Reading the thread itself, it’s a bit of both. Windows Terminal is complex, ClearType is complex and Unicode rendering is complex. That said… https://github.com/cmuratori/refterm does exist, does not support ClearType, but does claim to fully support Unicode. Unfortunately, Microsoft can’t use the code because (a) it’s GPLv2 and (b) it sounds like the Windows Terminal project is indeed a bit more complicated than can be hacked on over a weekend and would need extensive refactoring to support the approach. So it sounds a bit more like a brownfield problem than simply ignoring half the things it needs to do, though it probably does that too.

  • > Unfortunately, Microsoft can’t use the code

    As good as Casey Muratori is, Microsoft is more than big enough to have the means of taking his core ideas and implement them themselves. It may not take them a couple weekends, but they should be able to spend a couple experienced man-months over this.

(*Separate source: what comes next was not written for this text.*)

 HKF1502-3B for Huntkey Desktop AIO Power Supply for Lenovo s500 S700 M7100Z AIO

    The fact they don't can only mean they don't care. Maybe the people at Microsoft care, but clearly the organisation as a whole as other priorities.

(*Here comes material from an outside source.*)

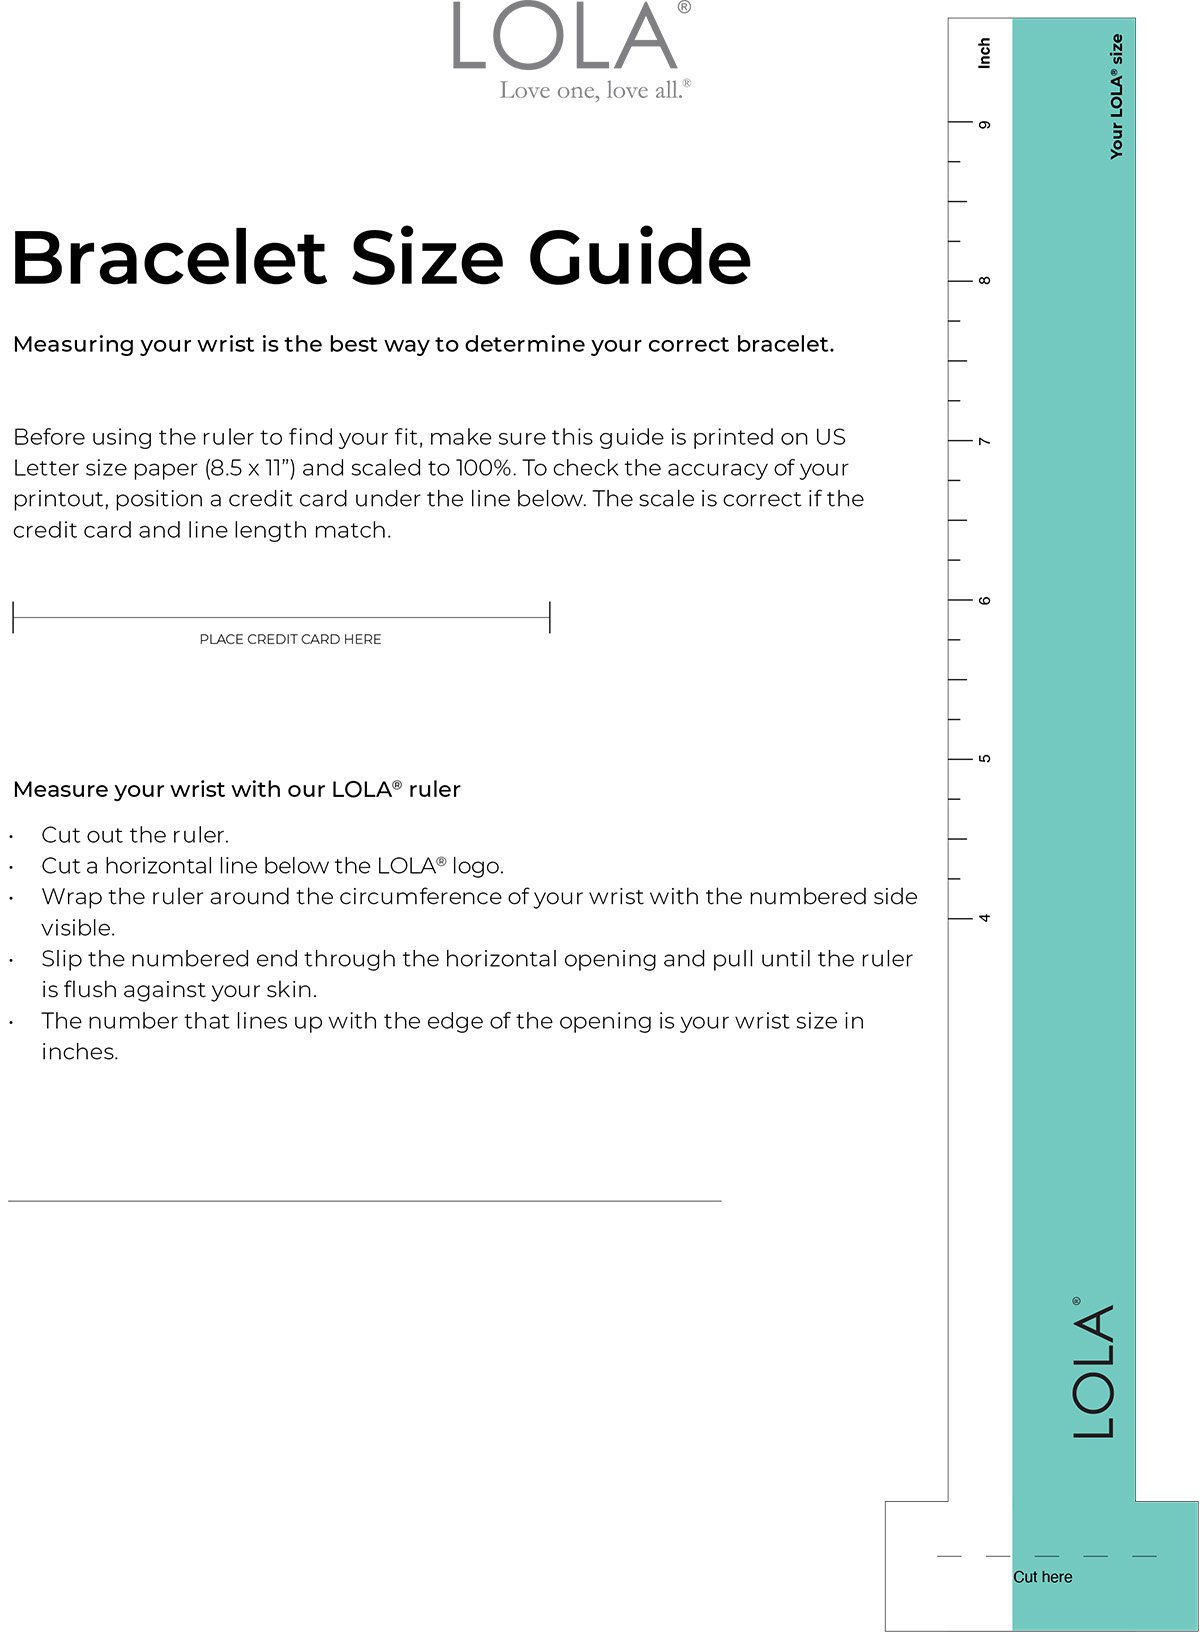 Bracelet size guide

    Besides, this is not the first time I've seen Casey complain about performance in a Microsoft product. Last time it was about boot times for Visual Studio, which he does to debug code. While reporting performance problems was possible, the form only had "less than 10s" as the shortest boot time you could tick. Clearly, they considered that if VS booted in 9 seconds or less, you don't have a performance problem at all.

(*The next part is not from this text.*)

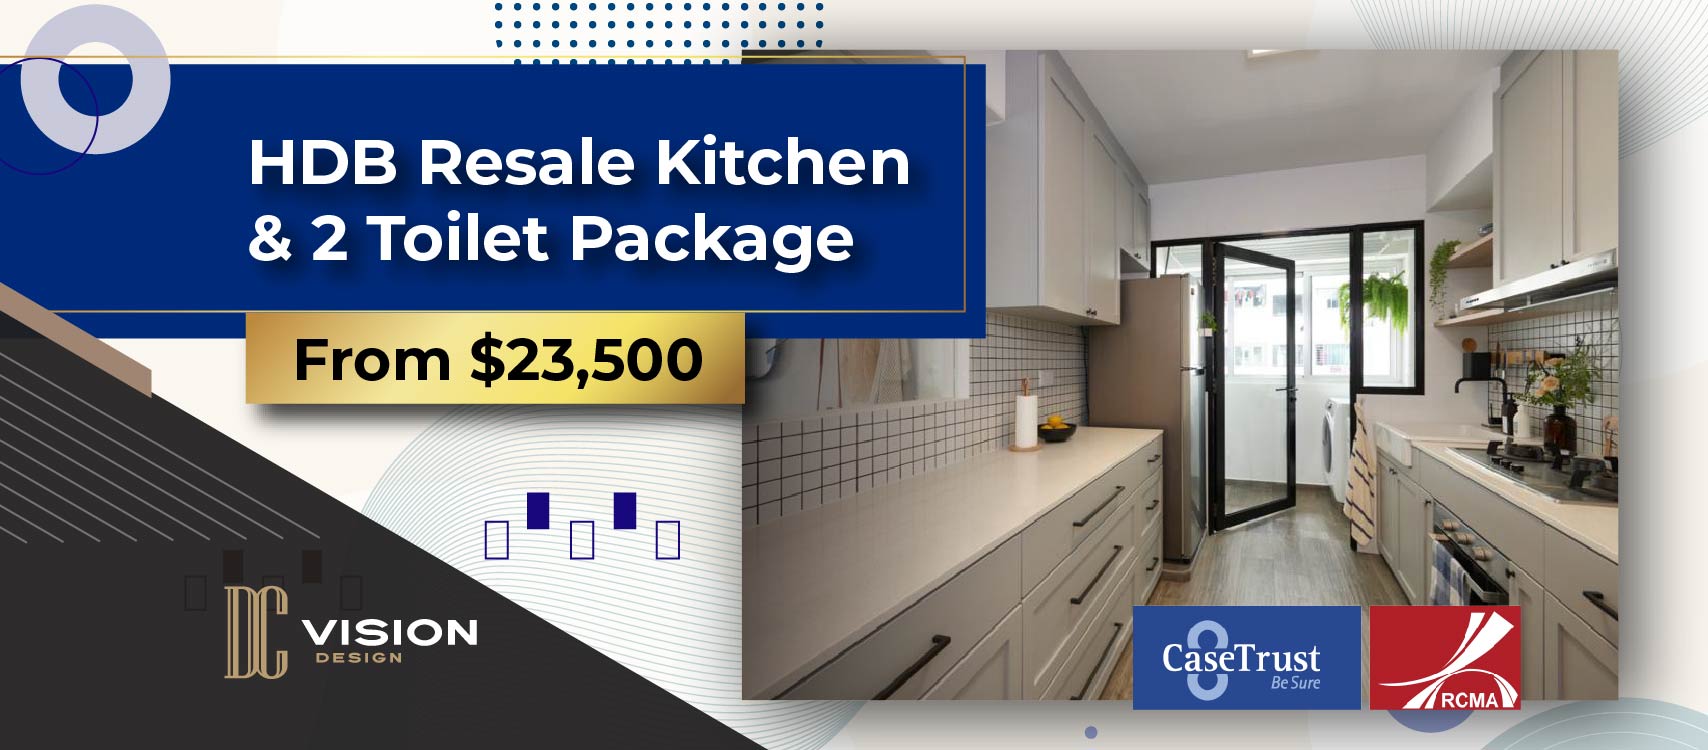 HDB resale kitchen & 2 Toilet package

  • > Unfortunately, Microsoft can’t use the code

    I commented on a separate issue re: refterm

    --- start quote ---

    Something tells me that the half-a-dozen to a dozen of Microsoft developers working on Windows terminal:

    - could go ahead an do the same "doctoral research" that Casey Muratori did and retrace his steps

    - could pool together their not insignificant salaries and hire Casey as a consultant

    - ask their managers and let Microsoft spend some of those 15.5 billion dollars of net income on hiring someone like Casey who knows what they are doing

    --- end quote ---

  • > Unfortunately, Microsoft can’t use the code because (a) it’s GPLv2

    One thing to remember is that it is always possible and acceptable to contact the author of a GPL-licensed piece of code to enquire whether they would consider granting you a commercial license.

    It may not be worthwhile but if you find exactly what you're looking for and that would take you months to develop yourself then it may very well be.

    • Not always. GPL-licensed do not have to have a “the author”. There may be hundreds of copyright holders involved (IIRC, ¿Netscape? spent years looking for people that had to agree when it planned to change their license and rewriting parts written by people who didn’t)

      6 replies →

  • > (a) it’s GPLv2

    Why is that a problem? A GPLv2 terminal would not be a business problem for Microsoft. People would still have to buy licenses for Windows. Maybe they would lose a little face, but arguably they have already done so.

    At least it’s not GPLv3 which this industry absolutely and viscerally hates (despite having no problem Apache 2.0 for some reason, Theo de Raadt is at least consistent).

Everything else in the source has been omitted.